Odense PIPAC Center, Odense University Hospital, Odense, Denmark.
Department of Surgery, Odense University Hospital, Odense, Denmark.
Ann Surg Oncol. 2023 Jul;30(7):4433-4441. doi: 10.1245/s10434-023-13278-w. Epub 2023 Mar 3.
Patients with gastric adenocarcinoma (GAC) are at high risk of peritoneal recurrence despite perioperative chemotherapy and radical resection. This study evaluated feasibility and safety of laparoscopic D2 gastrectomy in combination with pressurized intraperitoneal aerosol chemotherapy (PIPAC).

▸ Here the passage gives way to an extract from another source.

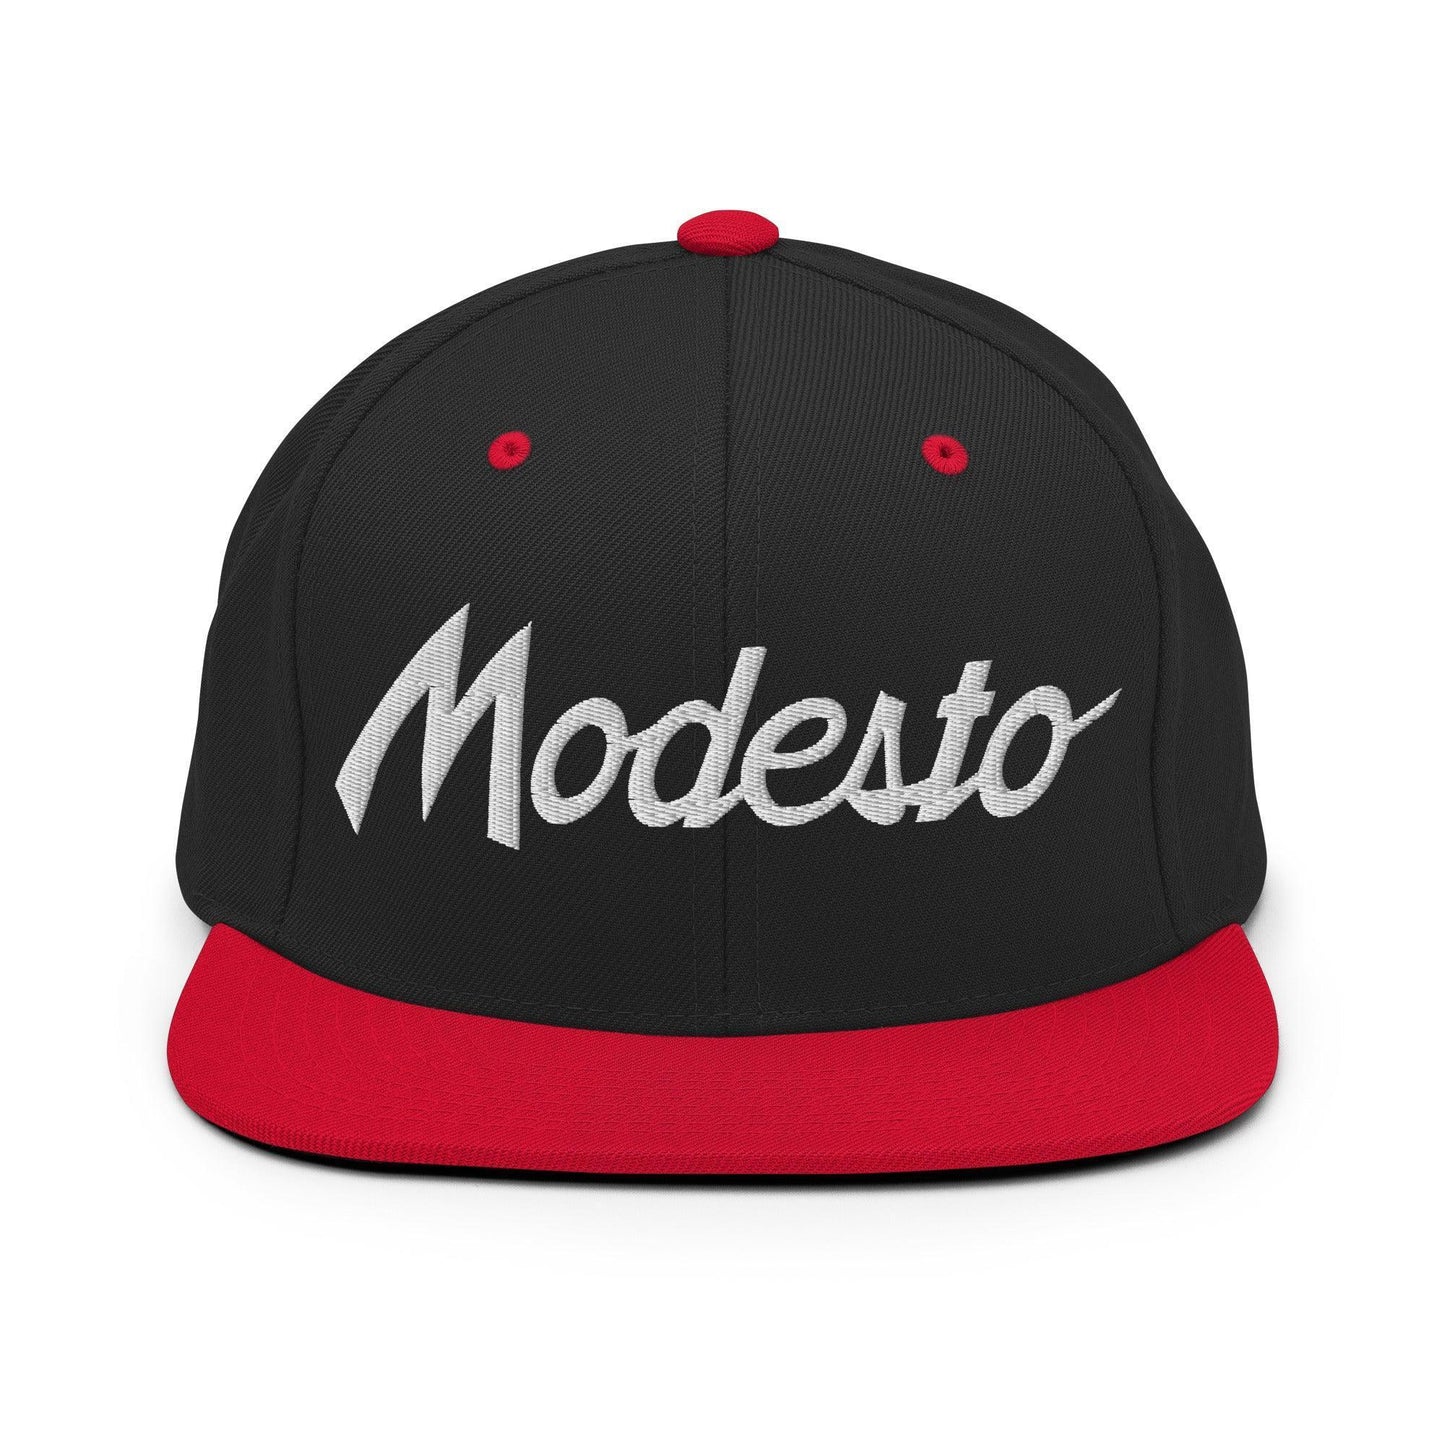 Modesto Script Snapback Hat Black Red
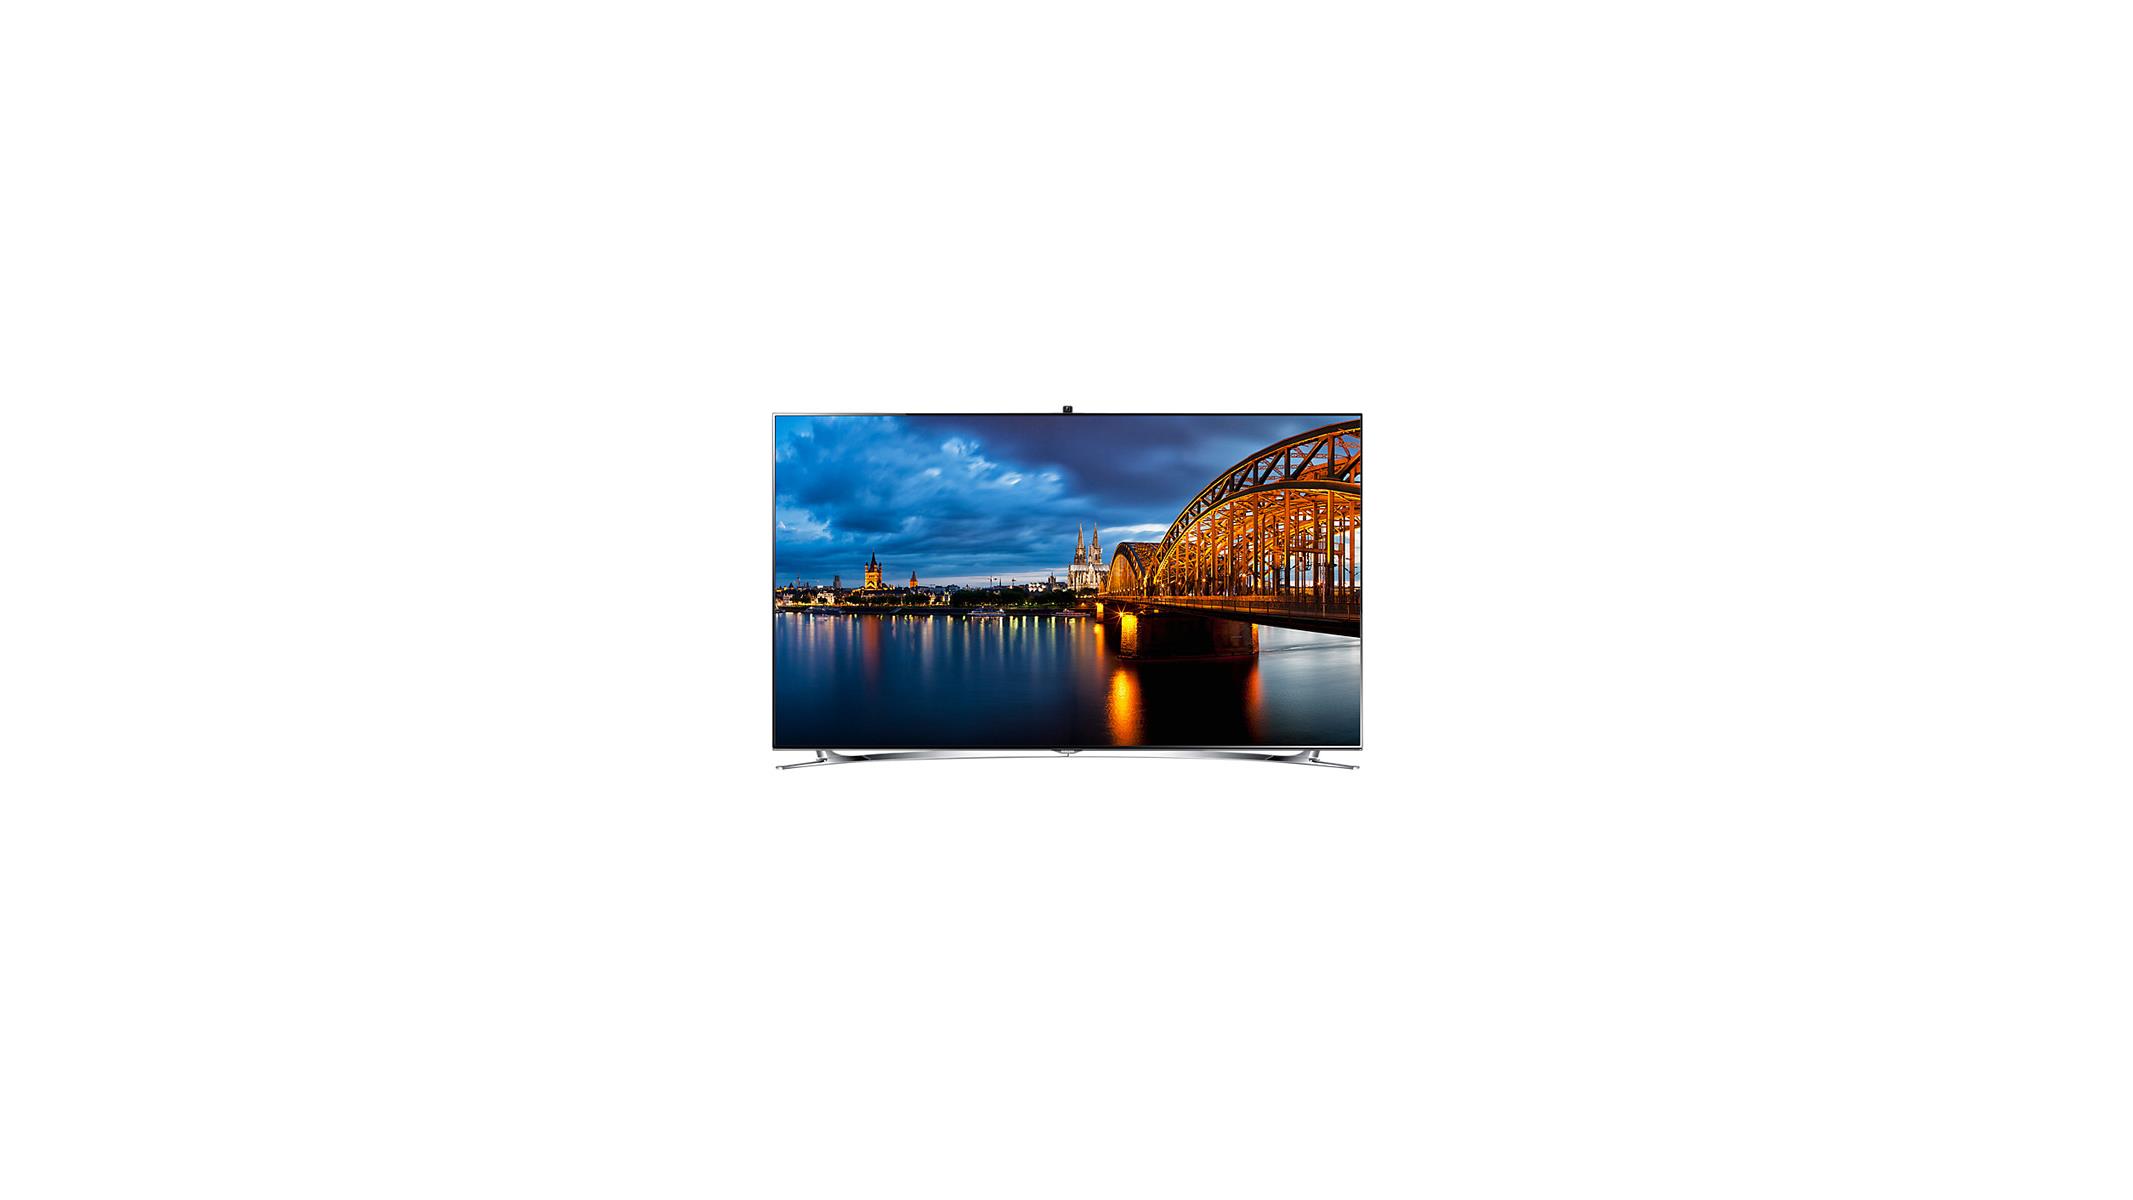 Truss Bridge - HD Wallpaper

This was a prospective, controlled bi-institutional study in patients with GAC at high risk of recurrence treated with PIPAC with cisplatin and doxorubicin (PIPAC C/D) after laparoscopic D2 gastrectomy. High risk was defined as a poorly cohesive subtype with predominance of signet-ring cells, clinical stage ≥ T3 and/or ≥ N2, or positive peritoneal cytology. Peritoneal lavage fluid was collected before and after resection. Cisplatin (10.5 mg/m) and doxorubicin (2.1 mg/m) were aerosolized after anastomosis (flow 0.5-0.8 ml/s, maximum pressure 300 PSI). Treatment was feasible and safe if ≤ 20% had Dindo-Clavien ≥ 3b surgical complications or CTCAE ≥ 4 medical adverse events within 30 days. Secondary outcomes were length of stay (LOS), peritoneal lavage cytology, and completion of postoperative systemic chemotherapy.
Twenty-one patients were treated with a D2 gastrectomy and PIPAC C/D. The median age was 61 years (range 24-76), there were eleven female patients, and 20 patients had preoperative chemotherapy. There was no mortality. Two patients had grade 3b complications that were potentially related to PIPAC C/D (one anastomotic leakage, and one late duodenal blow-out). One patient had severe neutropenia, and nine patients had moderate pain. The LOS was 6 days (4-26). One patient had positive peritoneal lavage cytology before resection, and none were positive after. Fifteen patients had postoperative chemotherapy.
Laparoscopic D2 gastrectomy in combination with PIPAC C/D is feasible and safe.
尽管进行了围手术期化疗和根治性切除术,胃腺癌(GAC)患者仍有很高的腹膜复发风险。本研究评估了腹腔镜 D2 胃切除术联合加压腹腔内气溶胶化疗(PIPAC)治疗高复发风险 GAC 患者的可行性和安全性。
这是一项前瞻性、对照的双联机构研究,在腹腔镜 D2 胃切除术后,采用顺铂和多柔比星(PIPAC C/D)对高复发风险的 GAC 患者进行 PIPAC 治疗。高危定义为具有明显印戒细胞、临床分期≥T3 和/或≥N2、或阳性腹膜细胞学的非黏附型。在切除前后收集腹腔灌洗液。吻合后雾化顺铂(10.5mg/m)和多柔比星(2.1mg/m)(流速 0.5-0.8ml/s,最大压力 300PSI)。如果在 30 天内≤20%的患者出现 Dindo-Clavien≥3b 级手术并发症或 CTCAE≥4 级的医疗不良事件,则治疗是可行和安全的。次要结局包括住院时间(LOS)、腹腔灌洗细胞学和术后全身化疗的完成情况。
21 例患者接受了 D2 胃切除术和 PIPAC C/D 治疗。中位年龄为 61 岁(范围 24-76 岁),女性 11 例,20 例患者术前接受了化疗。无死亡病例。2 例患者出现 3b 级并发症,可能与 PIPAC C/D 有关(1 例吻合口漏,1 例迟发性十二指肠破裂)。1 例患者发生严重中性粒细胞减少,9 例患者出现中度疼痛。LOS 为 6 天(4-26 天)。1 例患者在切除前腹腔灌洗液细胞学阳性,切除后均为阴性。15 例患者接受了术后化疗。
腹腔镜 D2 胃切除术联合 PIPAC C/D 是可行和安全的。